Вшивый фриц, взъерошенный, грязный, в смешных сапогах с короткими голенищами, какие у нас в хорошее время никто и надеть не согласился бы.

Моя хозяйка Анна Прохоровна тоже тут, она в чистом головном платке, сложив на животе руки, смотрит на немца тихо, без жалости.

— Лоп-лоп-лоп. Залопотал! — передразнивает его.

— Может, что сказать ему надо. Без языка ведь. Веди ж его! — понукал меня Петр Тихонович.

Вокруг загудели. Такого пусти в дом — как же. Вшей распустит, только держись.
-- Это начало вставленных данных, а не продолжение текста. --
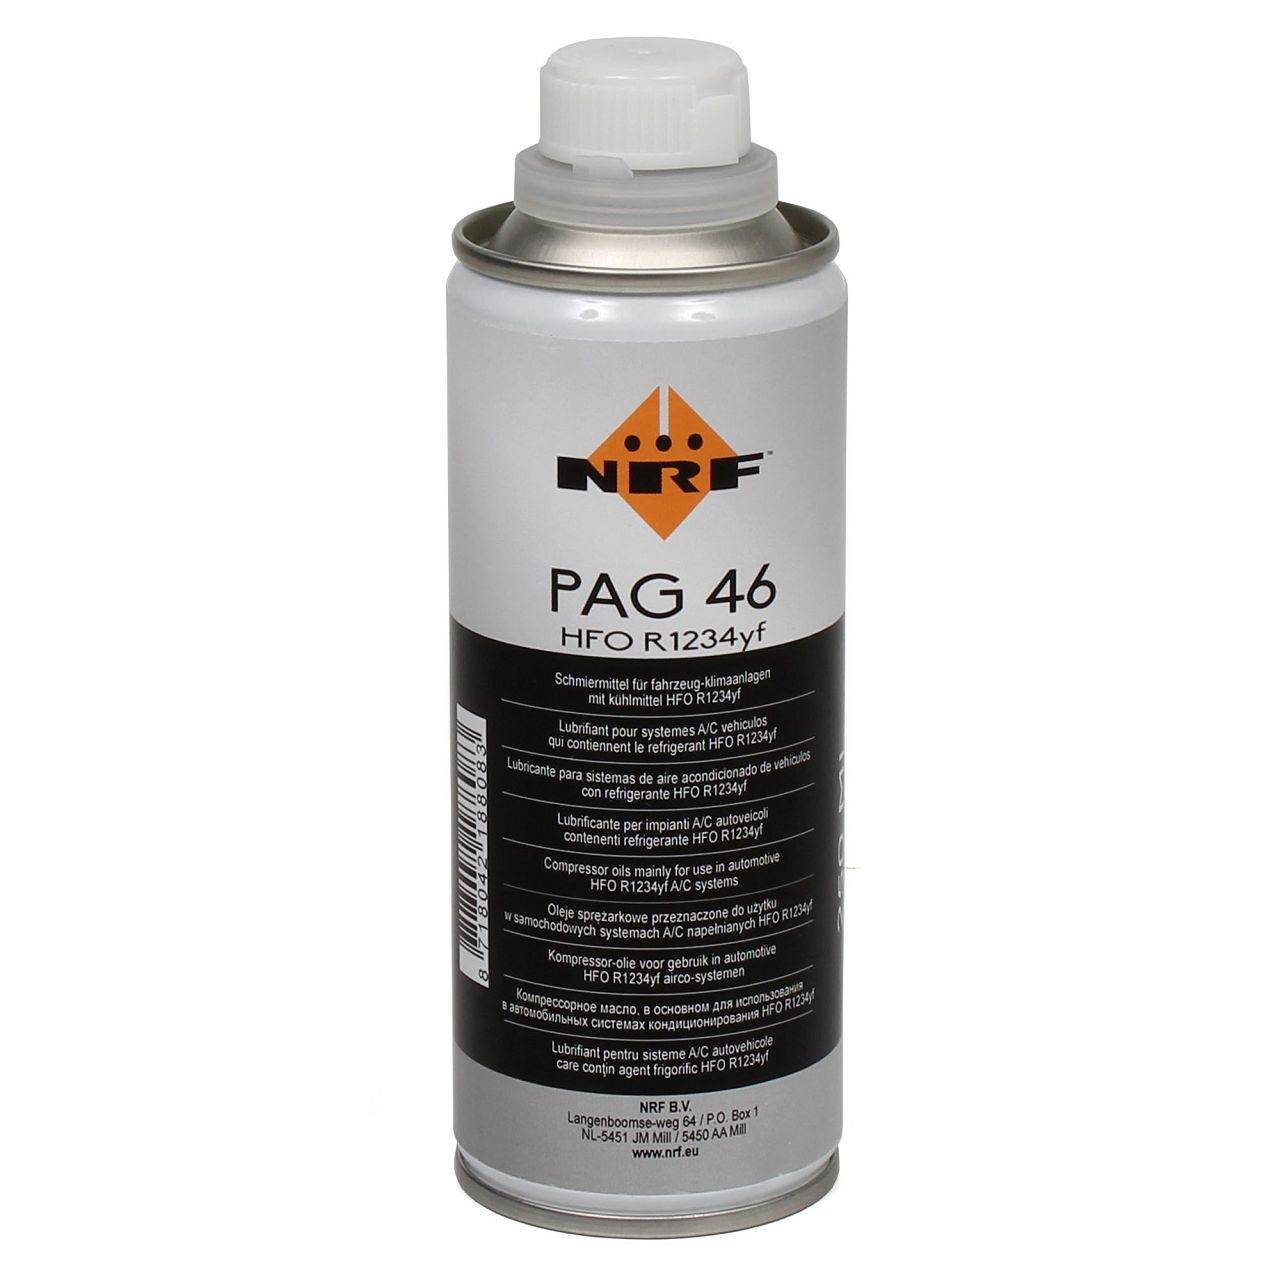 NRF 38837 Kompressor-ÖL Schmiermittel PAG 46 mit Kühlmittel HFO R1234yf 250ml

— Садитесь, — говорю немцу.

Он опять садится. И я сажусь на ступеньки крыльца. Кто такой, откуда родом, давно ли воюет.

Люди, помешкав, деликатно расходятся. Остаются только Анна Прохоровна и Петр Тихонович — на правах моих личных знакомых.

Немец этот на войне с самого начала «кампании». Был в Польше. Потом — поход на Запад.

— В Париж мы прибыли восьмого августа сорокового года. С Францией уже было покончено, и мы несли постовую службу у морского министерства, там размещались наши генералы. [241]

— Хороший город Париж? — вдруг глупо так спрашиваю.

— О, прима штадт, вундербар штадт!

Анна Прохоровна и Петр Тихонович терпеливо смотрят на нас.

Разруха, муки, смерть и бессилие — все воплощено сейчас в этом немце. Чудно! И никак не вяжется. Такому ведь дать хорошенько — от него мокрое место останется.

Молчим. Немец дергает вверх рукав кителя, обнажается темная от грязи рука с белой браслеткой — след от часов. Он тычет пальцем в эту браслетку, машет рукой в сторону передовой — сняли с него в русской траншее.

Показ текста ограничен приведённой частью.